Lei da anni si occupa dei conflitti relazionali, gira l’Italia per fare capire e genitori e docenti che insegnare a gestire i conflitti significa crescere adulti più sicuri e più felici. Non dobbiamo temere, quindi, nemmeno il conflitto con i nostri figli adolescenti?

La rottura degli schemi infantili è tipica dell’adolescente, che non vuole più essere bambino ed essere trattato come tale. Vuole fare da solo, vuole stare nel suo gruppo. Non sopporta le smancerie. Resto sempre allibito quando sento chiamare ragazzoni di 14 anni “tesoro”, “amore”. Qualche mamma lo fa persino con figli di 17 anni. Ovviamente, molti ragazzi si difendono dicendo: mollami, non ce la faccio più, sei insopportabile. È nell’ordine delle cose, vogliono allontanarsi. Volerli tenere appresso a tutti i costi, diventa morbosità e c’è il rischio che si trasformi in un disturbo: un ragazzo su cinque non va a scuola e resta chiuso in camera, in balia dei social, dei videogiochi, dei siti porno misogini, meccanicistici, prestazionali, che stanno facendo danni terribili sulla sessualità, specialmente maschile. Anziché guardarsi dai maranza, su cui c’è tanto allarme, bisogna pensare a questi ragazzi isolati. E capire come riportarli a far vivere loro una socialità vera.

Lei sta conducendo una battaglia contro gli strumenti digitali e i social. È una battaglia persa in partenza?

Con Alberto Pellai, ormai un anno fa, abbiamo lanciato un appello al Governo e al Parlamento affinché si metta una regolazione degli smartphone sino ai 14 anni e dei social sino ai 16. Tutti gli Stati europei si stanno organizzando per mettere delle regole. In Italia no. A che gioco giochiamo? Il gioco del marketing o dei nostri bambini e ragazzi? Eppure, siamo riusciti a porre tutele e limiti per alcol e tabacco, dunque si può fare anche qui. Non chiediamo a nessun ragazzino di guidare un’auto a 14 anni: lo stesso criterio va assunto per la gestione di un ambiente digitale pericoloso. Il confine tra uso e abuso non si sa qual è: chi lo decide? Non basta aver messo un divieto sostanziale sull’uso dello smartphone nelle scuole. Ai genitori chi ci pensa? Li lasciamo in balia del marketing o mettiamo qualche regolamentazione?

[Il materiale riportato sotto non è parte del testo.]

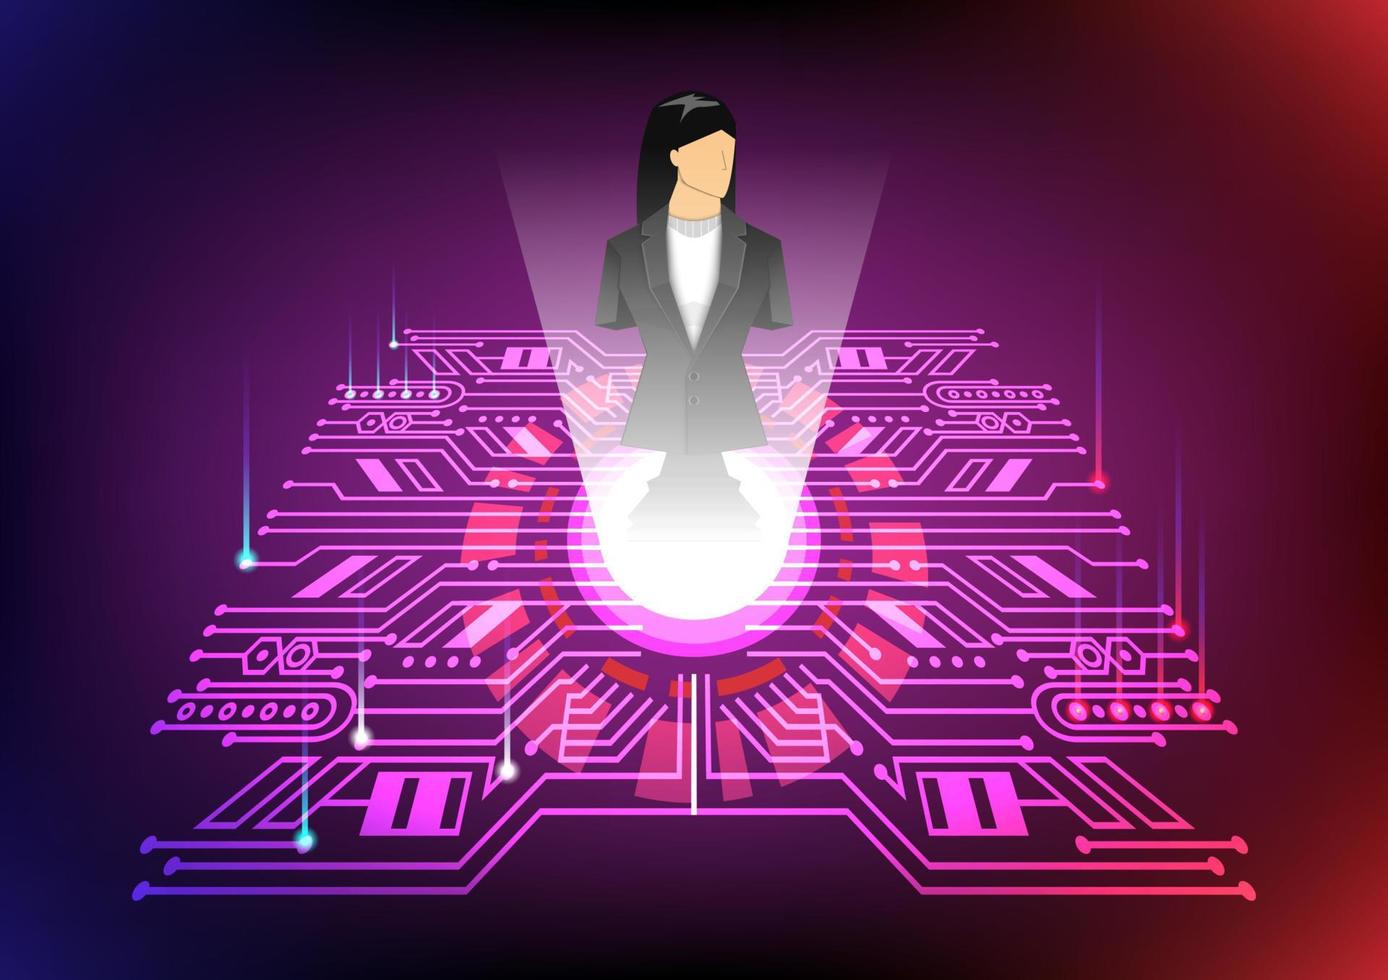 leadership concept, black-chess-businesswoman, blue and red light hitech background, vector illustrator
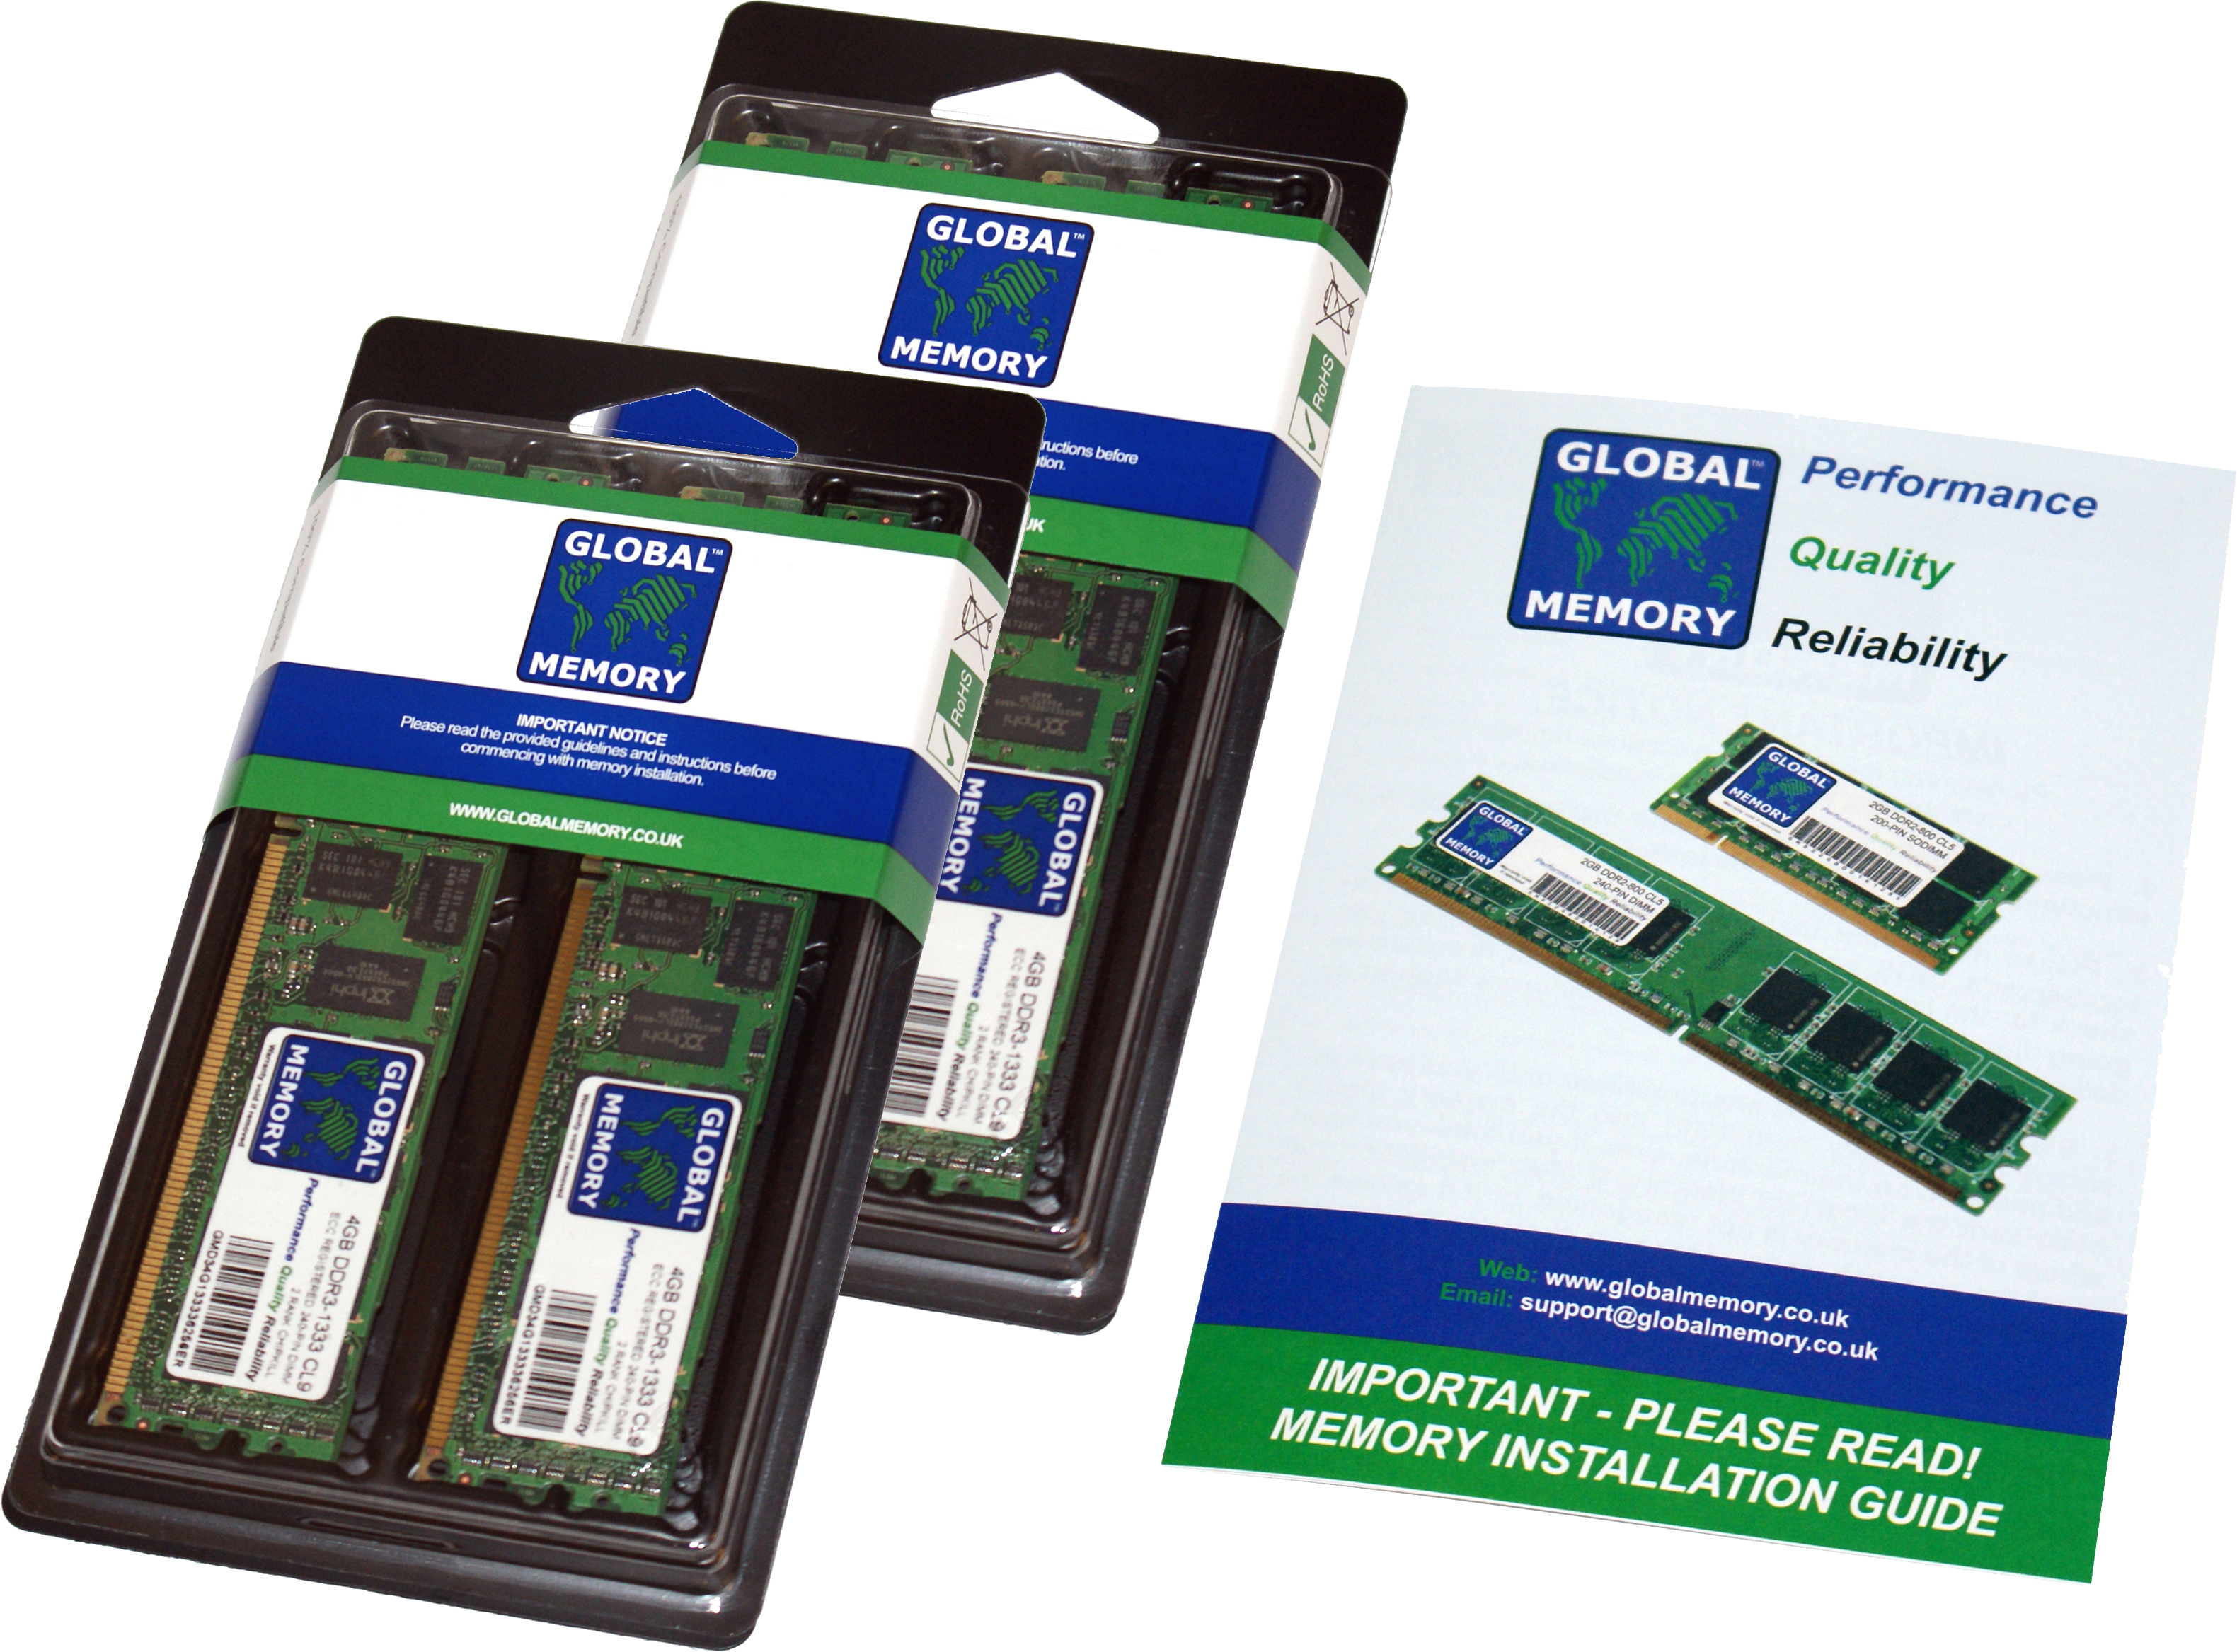 64GB (4 x 16GB) DDR4 2400MHz PC4-19200 288-PIN ECC REGISTERED DIMM (RDIMM) MEMORY RAM KIT FOR SERVERS/WORKSTATIONS/MOTHERBOARDS (8 RANK KIT CHIPKILL)

In verità, spesso il problema parte proprio dai genitori che si affrettano a regalare un cellulare a bambini molto piccoli.

Vero. Ma in parecchie zone d’Italia, purtroppo non in tutte, c’è finalmente un cambio di passo. Molti genitori si stanno auto-organizzando, in molte aree è molto raro trovare uno smartphone tra le mani di un bambino delle primarie. Sino a poco tempo fa accadeva l’esatto contrario. È positivo il fatto che con l’appello abbiamo sollecitato il mondo genitoriale a organizzarsi autonomamente per tutelare i propri figli, vista la latenza politica.

Un momento dell’intervento di Daniele Novara

Anche sull’educazione sessuale si è più volte espresso in maniera chiara. Che ne pensa della posizione del Governo e sul fatto che la Commissione cultura della Camera ha appena approvato un emendamento che vieta ogni attività di educazione sessuale fino ai 13 anni e impone il consenso scritto dei genitori alle superiori?

L‘educazione sessuale non può essere insegnata dai genitori, perché il coinvolgimento emotivo è troppo alto e si creano situazioni imbarazzanti, promiscue. È inevitabile che poi un figlio arrivi a chiedere ai genitori: “Ma voi come lo fate?”. A quel punto la famosa educazione familiare, così amata da qualche politico, finisce alle ortiche. Abbiamo un’istituzione che è preposta per questo compito, così come a insegnare l’educazione civica ed è la scuola. Noi siamo sessualità, sempre e da sempre, persino il neonato cerca il seno della mamma innanzi tutto per una questione di piacere erotico: non possiamo fare finta di nulla. La scuola, tra la quinta elementare e la prima media, deve offrire ai ragazzi e alle ragazze le coordinate per imparare a stare insieme, innanzi tutto ovviamente senza farsi del male l’uno con l’altro, ma anche per sentire l’incontro con persone dell’altro sesso come un momento di gioia, di felicità. I siti porno invece stanno addestrando generazioni di maschi ad una sessualità oppressiva e performativa: rischiano di diventare mine vaganti nelle relazioni di coppia.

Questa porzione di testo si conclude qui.